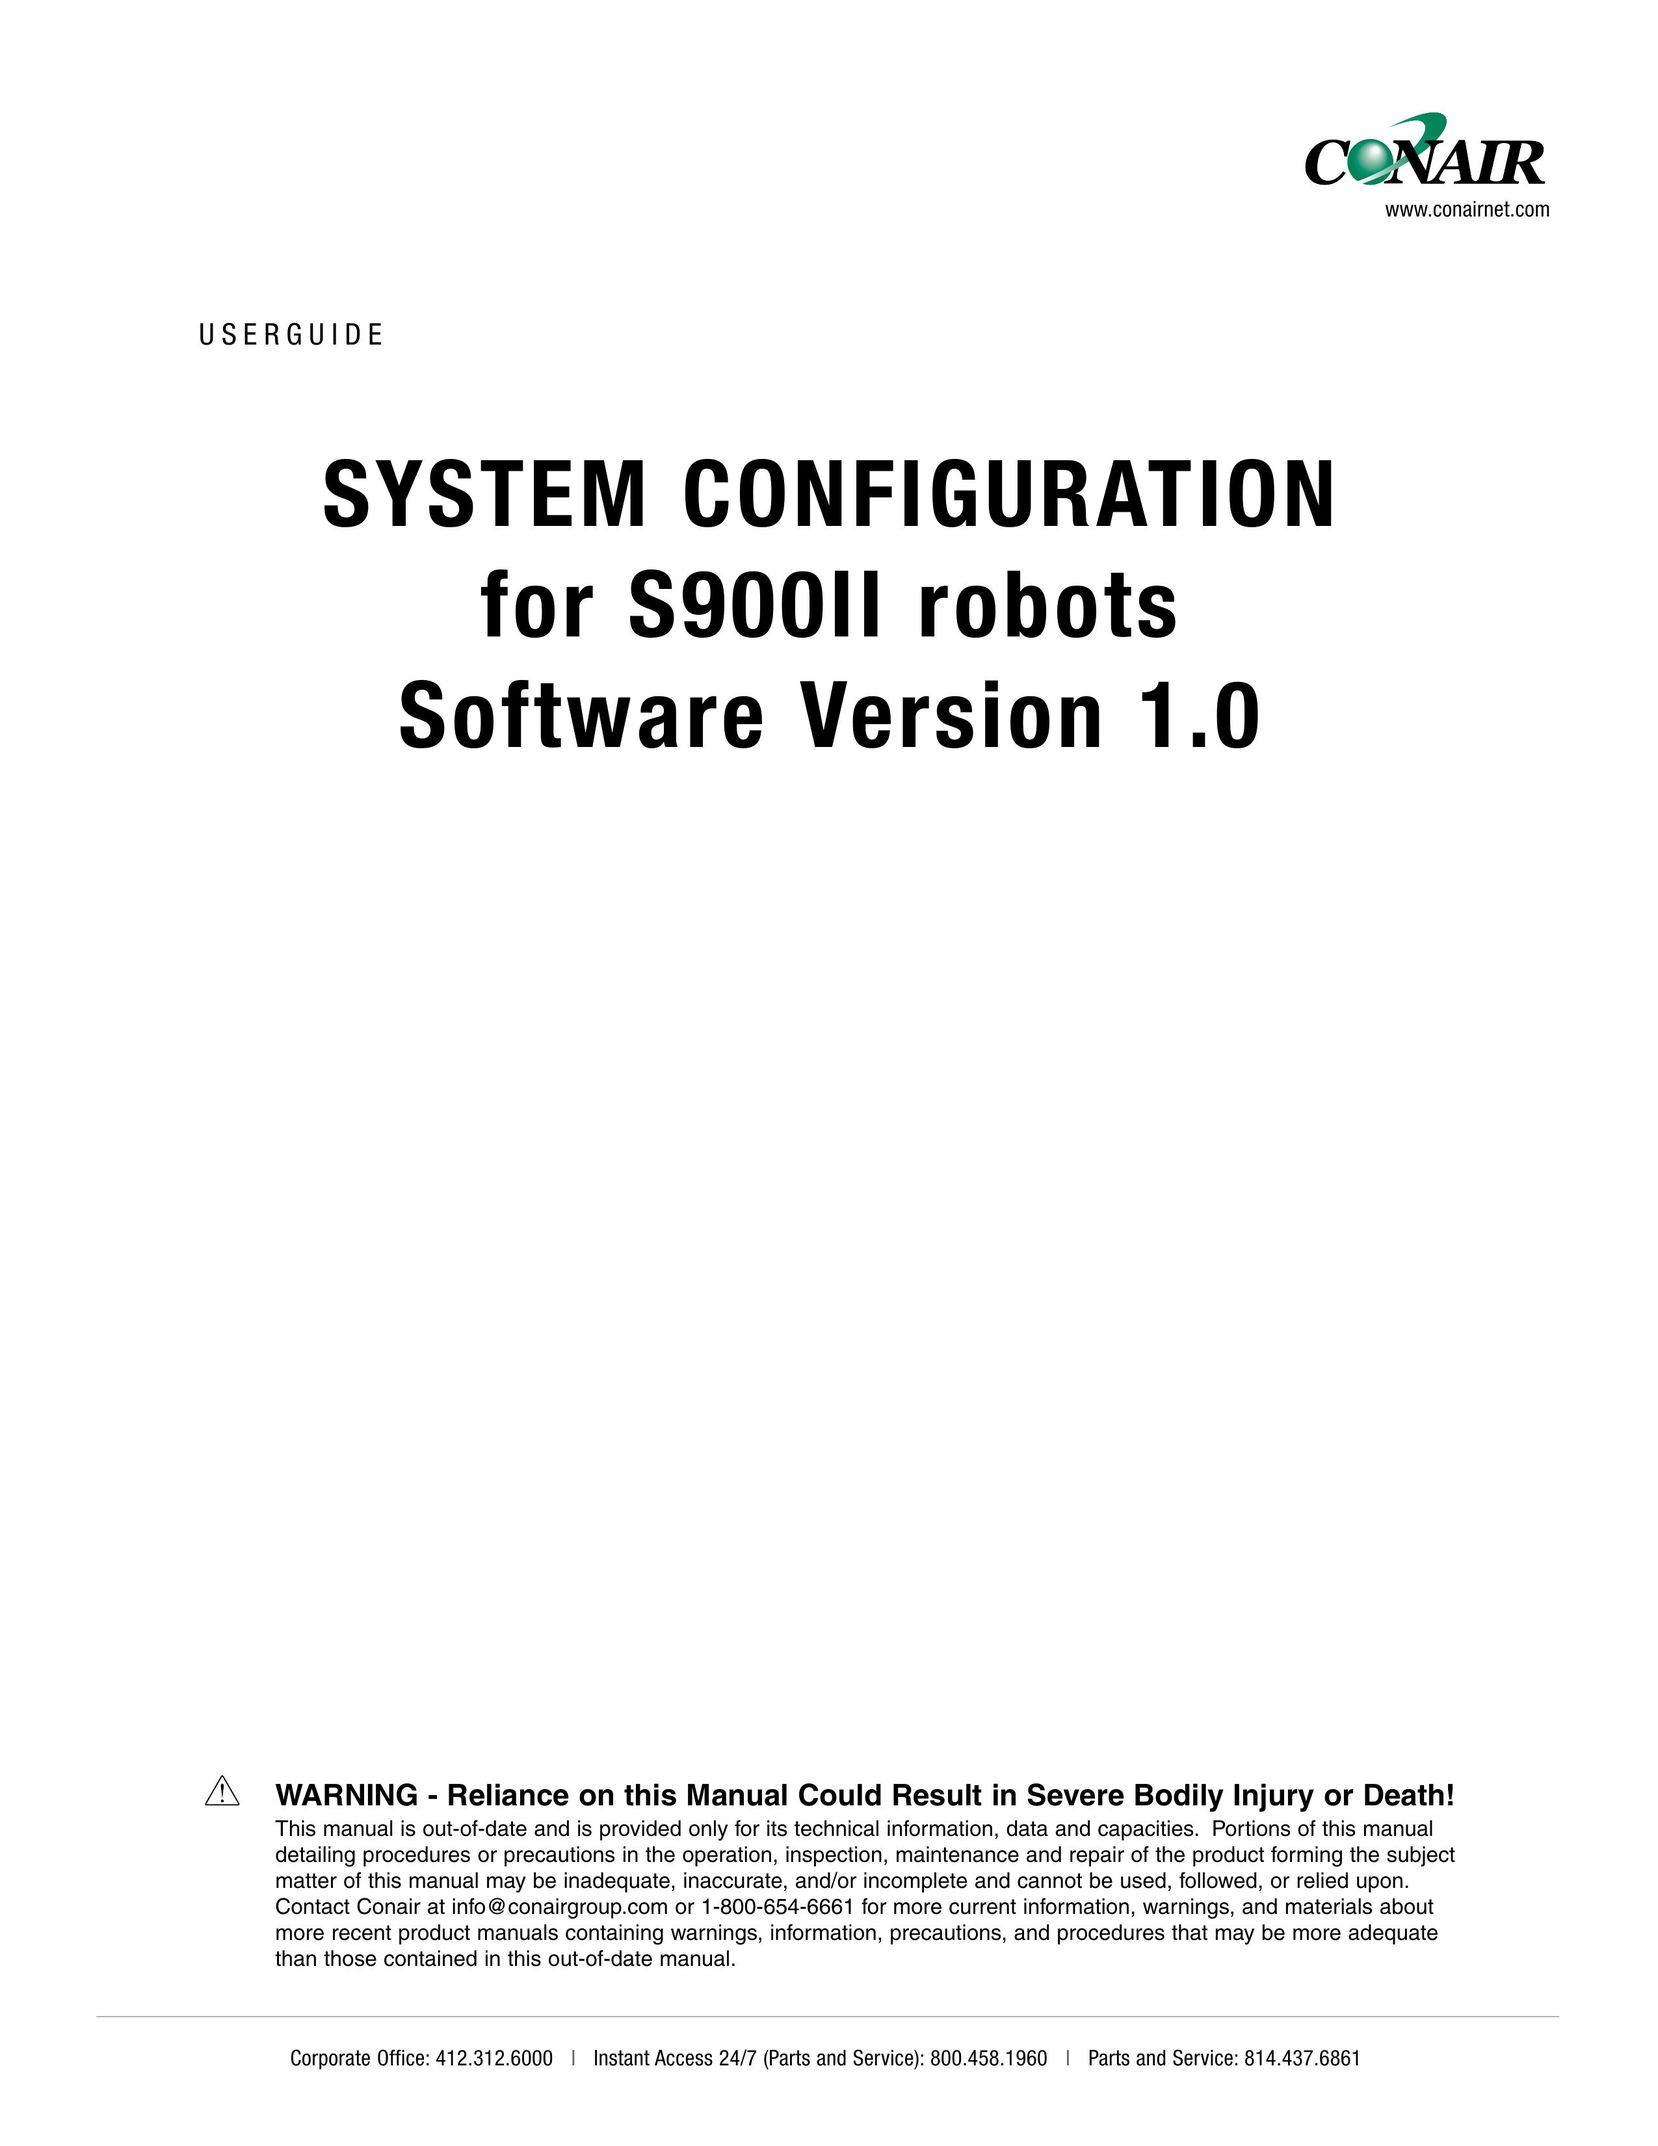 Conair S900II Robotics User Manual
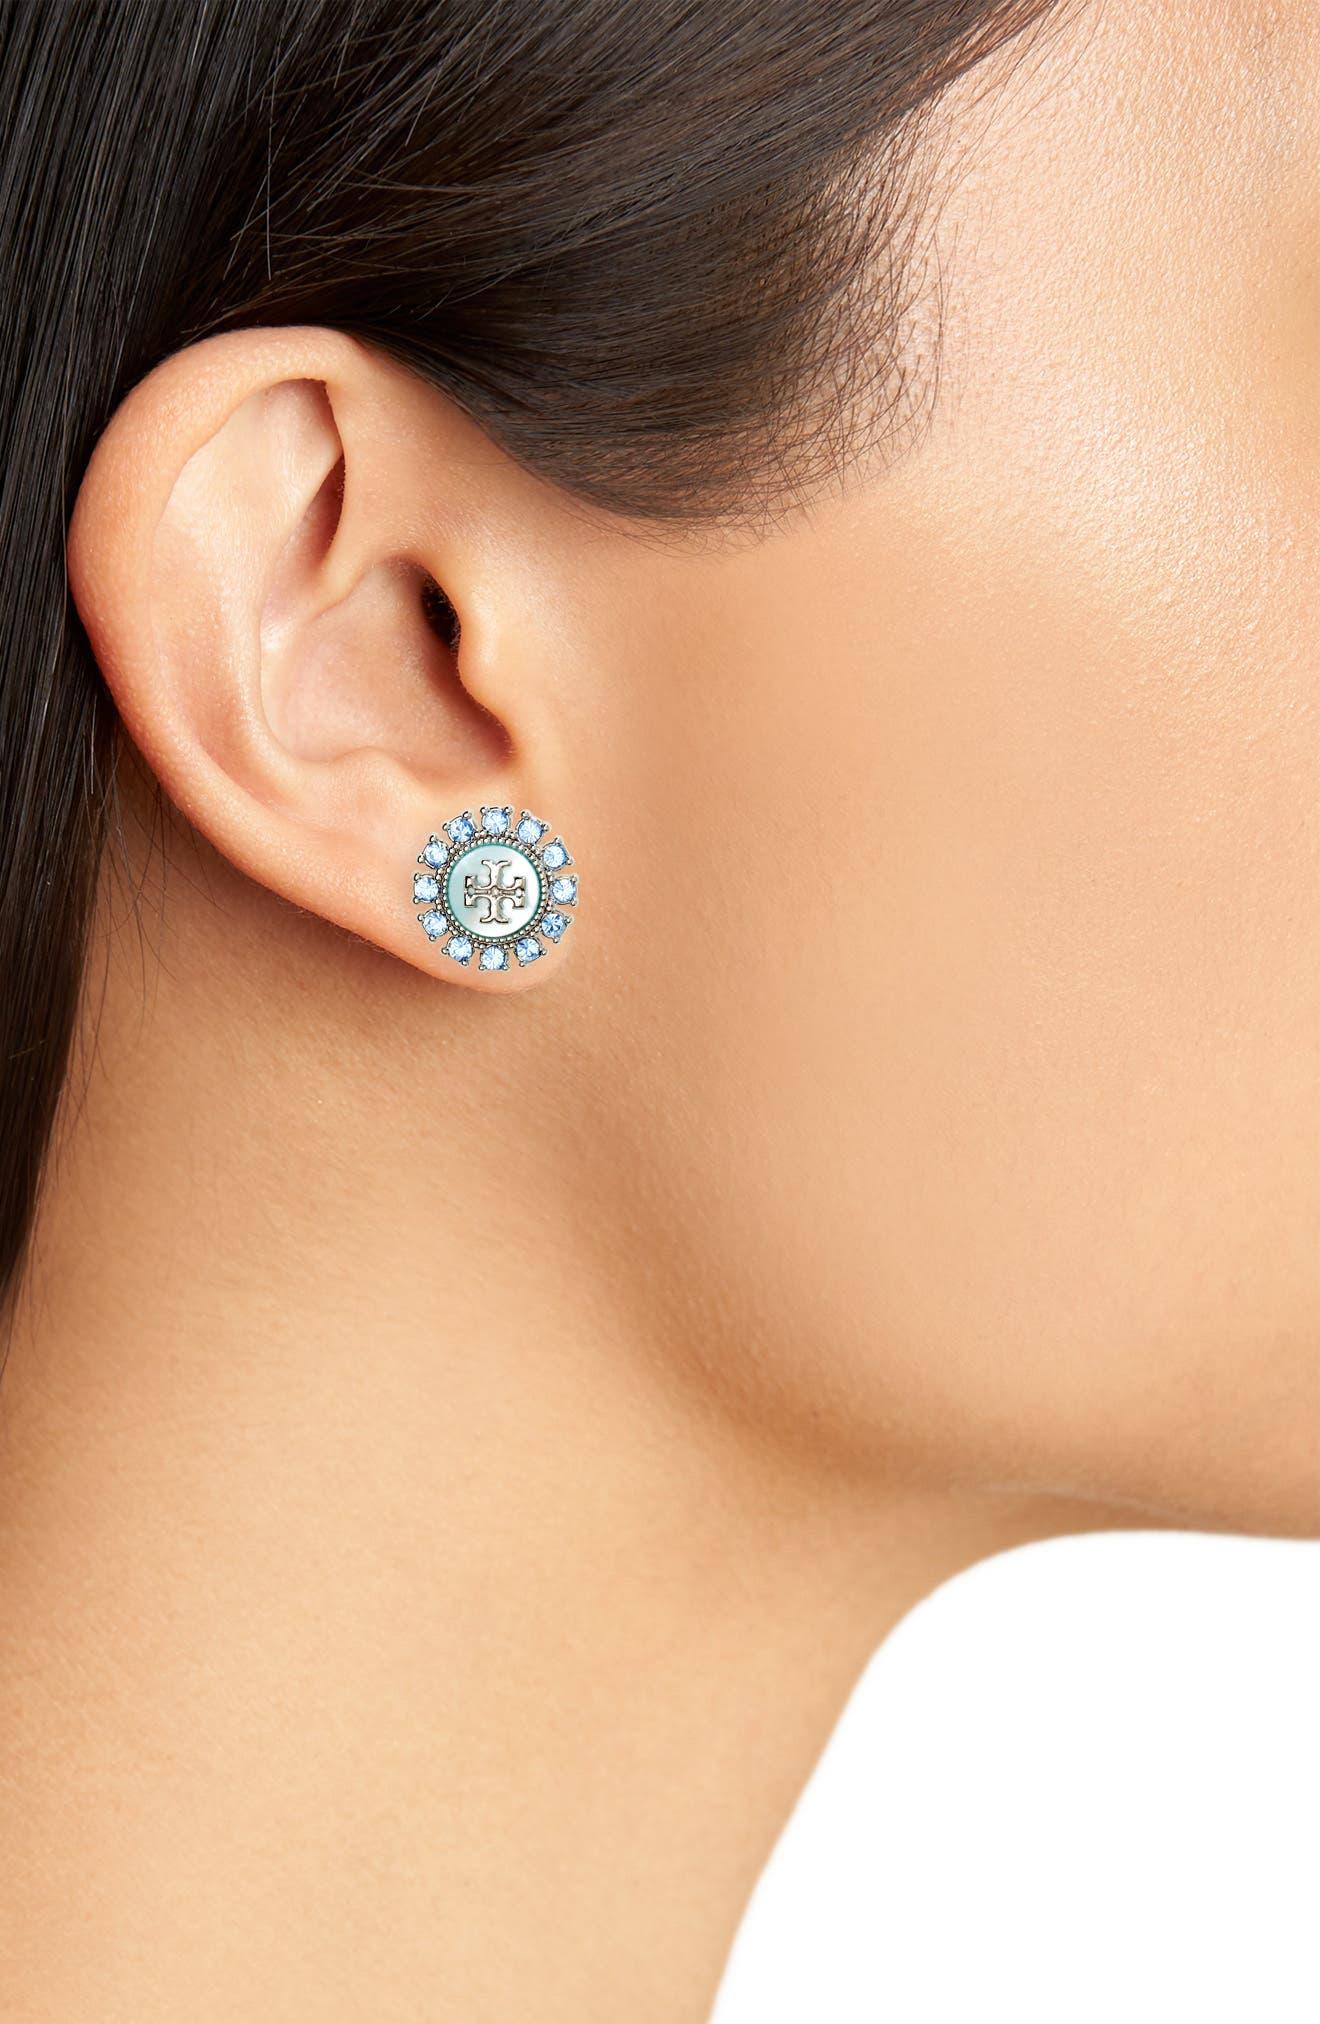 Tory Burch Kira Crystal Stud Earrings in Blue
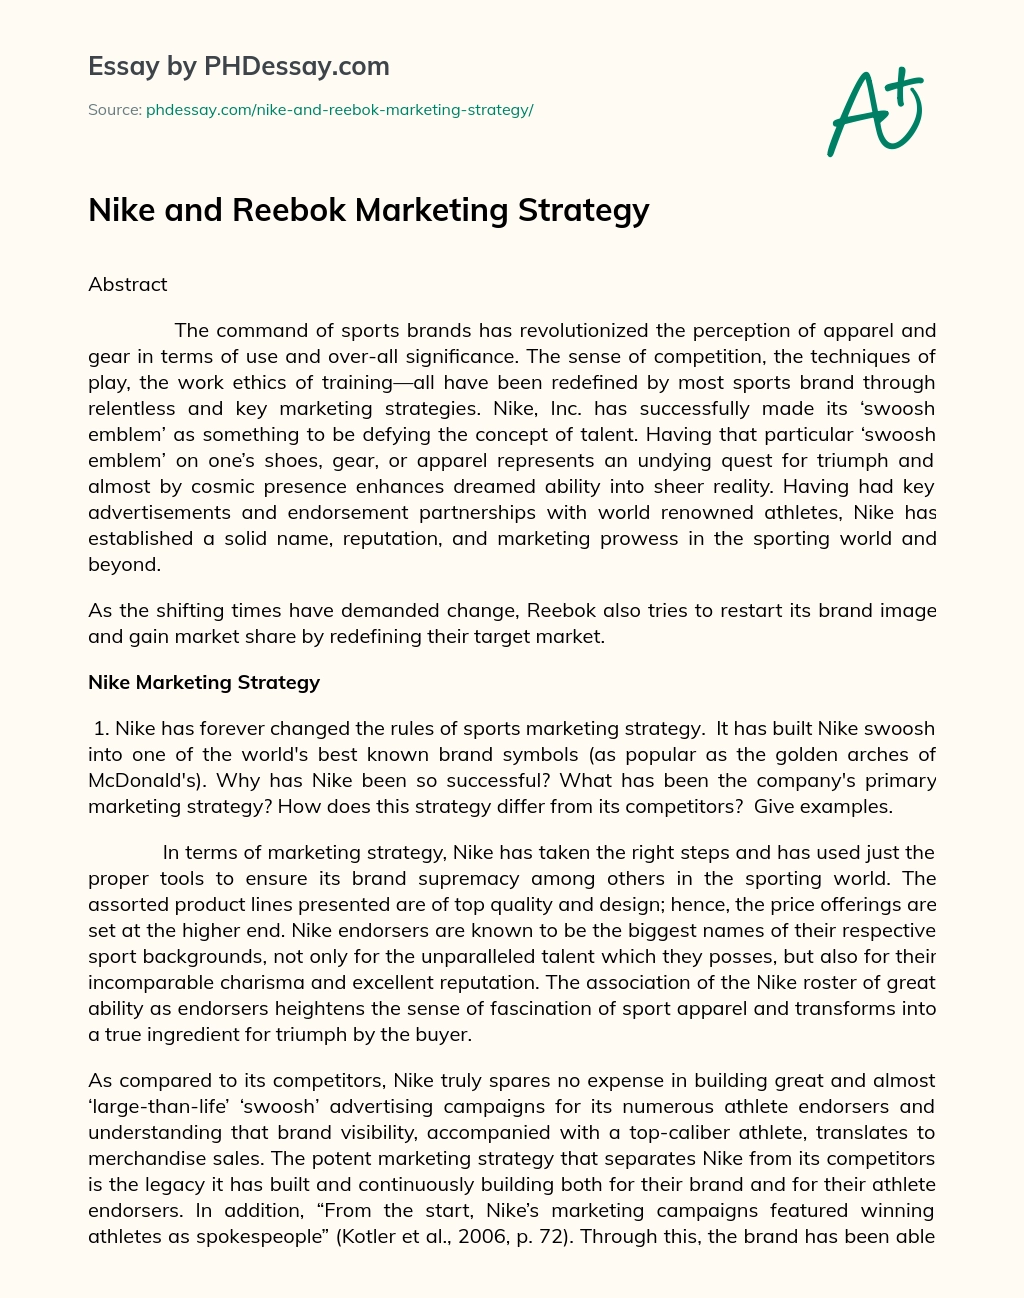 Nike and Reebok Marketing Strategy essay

++++++++++++++++++++

» Aim of the exercise: Once the images are set aside, retype all of the material above exactly.

» Your solution:
 Conair S900II Robotics User Manual
 Tory Burch Kira Crystal Stud Earrings in Blue
 Nike and Reebok Marketing Strategy essay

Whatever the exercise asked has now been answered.